Are you fed up with peak hour traffic? Do the endless queues and traffic jams depress or anger you? Our greener-than-though friends that have a long and tortuous history of deriding the car lovers of the world - perhaps they have a point. Let us examine some of the alternatives available to the urban car user.

I'm not a big fan of public transport, so I won't dwell on it. I'm going to detail the good stuff first: you can read a book on the train or bus. That's it for me. You've got bugger-all else to do, sitting around waiting for peak hour to move, or for the train or bus to stop at forty stations. Standing room redefined as standing on someone else's feet. Suffocating in the awful side effects of a corrupting and pervasive western diet.

The inflexible timetables and inconvenient placing of your average bus stop or train station are another hurdle. It's obviously impractical to run train tracks past every house, and the bus can only stop so often or it doesn't get anywhere. Worse than that, you can't accessorise the train or bus with wooden beaded seat covers, plastic spoilers and blow-off valves. You know somebody is going to steal that stuff while you're not sitting on it, or the nincompoops at train central will send you a different carriage every day. Even those talented artists with spray cans and pocket knives that dwell amongst us, artfully inscribing their own initials or stylised pictures of genitalia, realise that they're unlikely to see their work again.

If you love cars for their personal statement, the soulless, soul destroying nature of public transport is no place for you.

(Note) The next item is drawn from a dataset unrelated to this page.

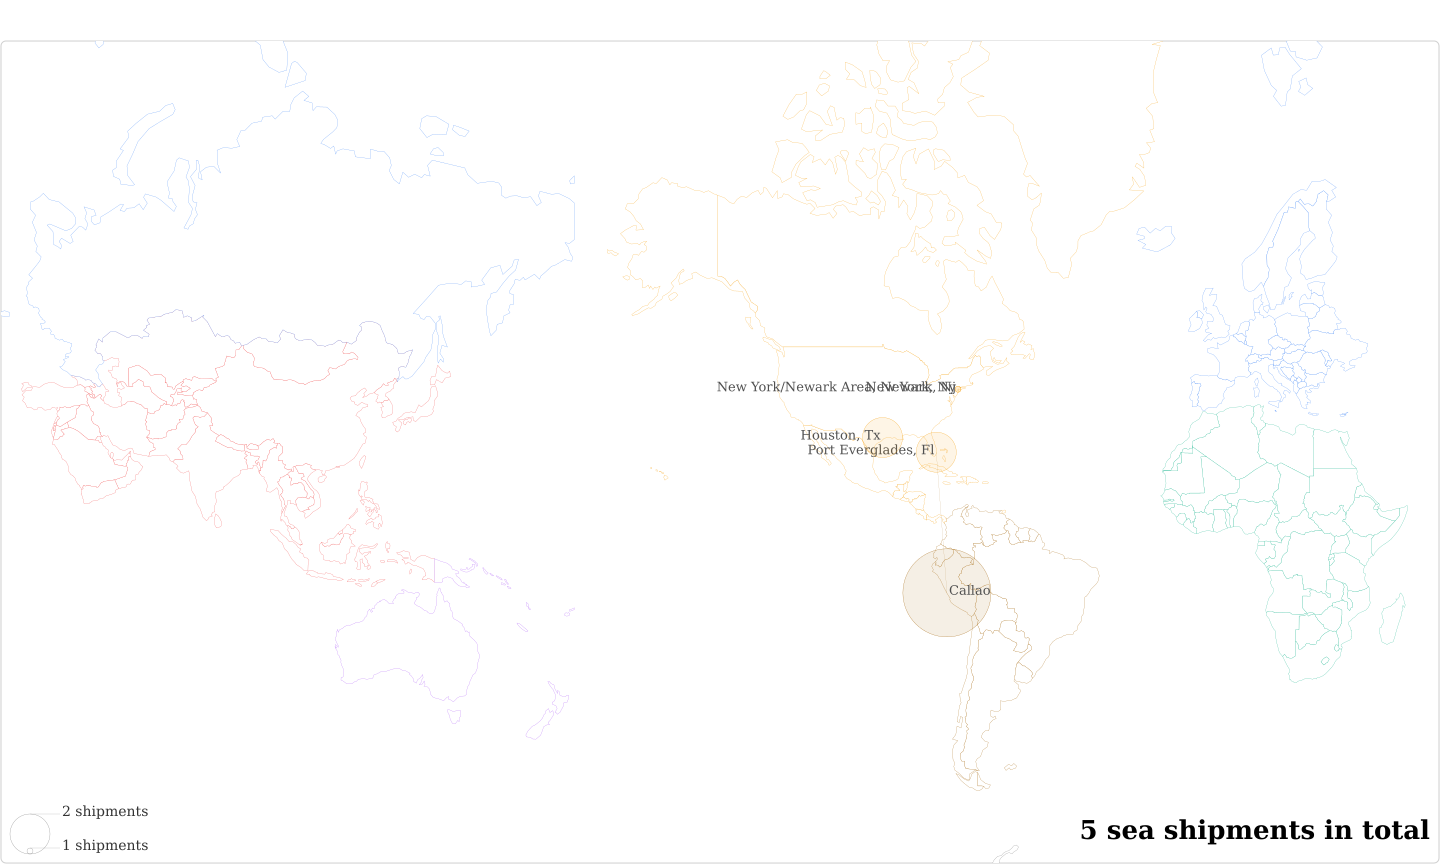 Britt Peru Sac's Imports Per Country Map

More seriously, I can't work out why public transport is so heavily pushed by successive governments here in Australia, where the majority of public transport is state-owned. They have serious problems running the infrastructure they've already installed, yet seek to create more of it in the vain hope that some break-even point of profitability and utility is reached. It's an impossible dream.

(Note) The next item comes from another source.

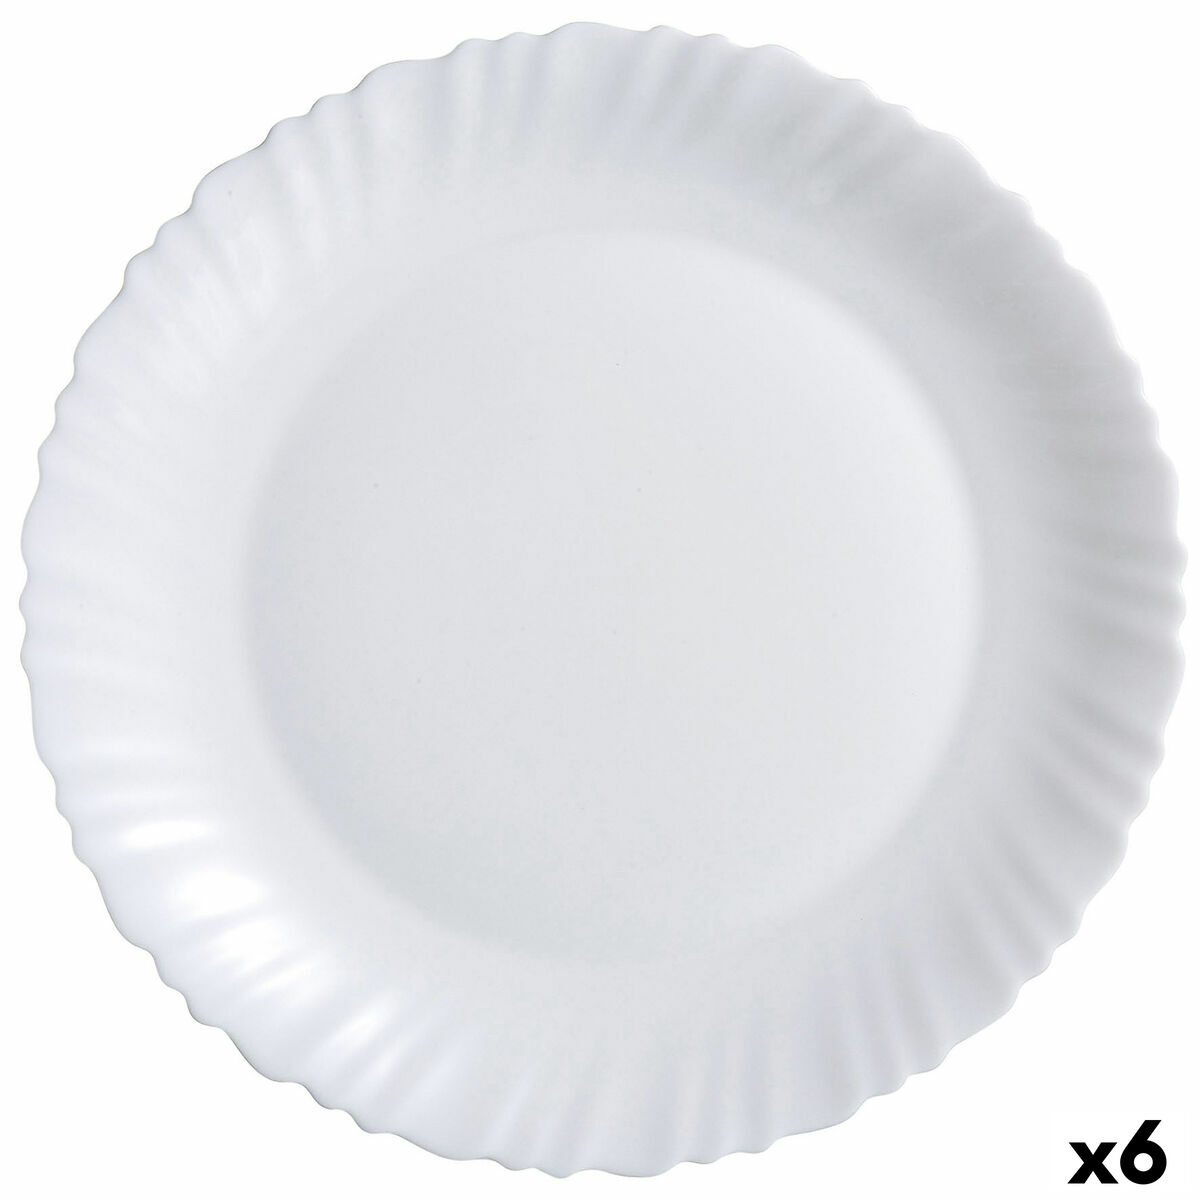 Teglia da Cucina Luminarc Feston Bianco Vetro (Ø 30 cm) (6 Unità)

Train services that are truly useful for a wide community are rarely going to be profitable. Late night services, used by tiny numbers of the community, are useful but eat heavily into the profitability of peak hour services. The pointless creation of bus-only and transit lanes on main roads only succeeds in creating more traffic snarl without actually helping the travel time of bus commuters (who get stuck at the same traffic lights that everybody else does). Yet, we appear to be immovably in a post-Sixties hippy dream that public transport is always good, and private cars are always bad.

It isn't so, never was and won't be despite continued investment in money burning tracked transport.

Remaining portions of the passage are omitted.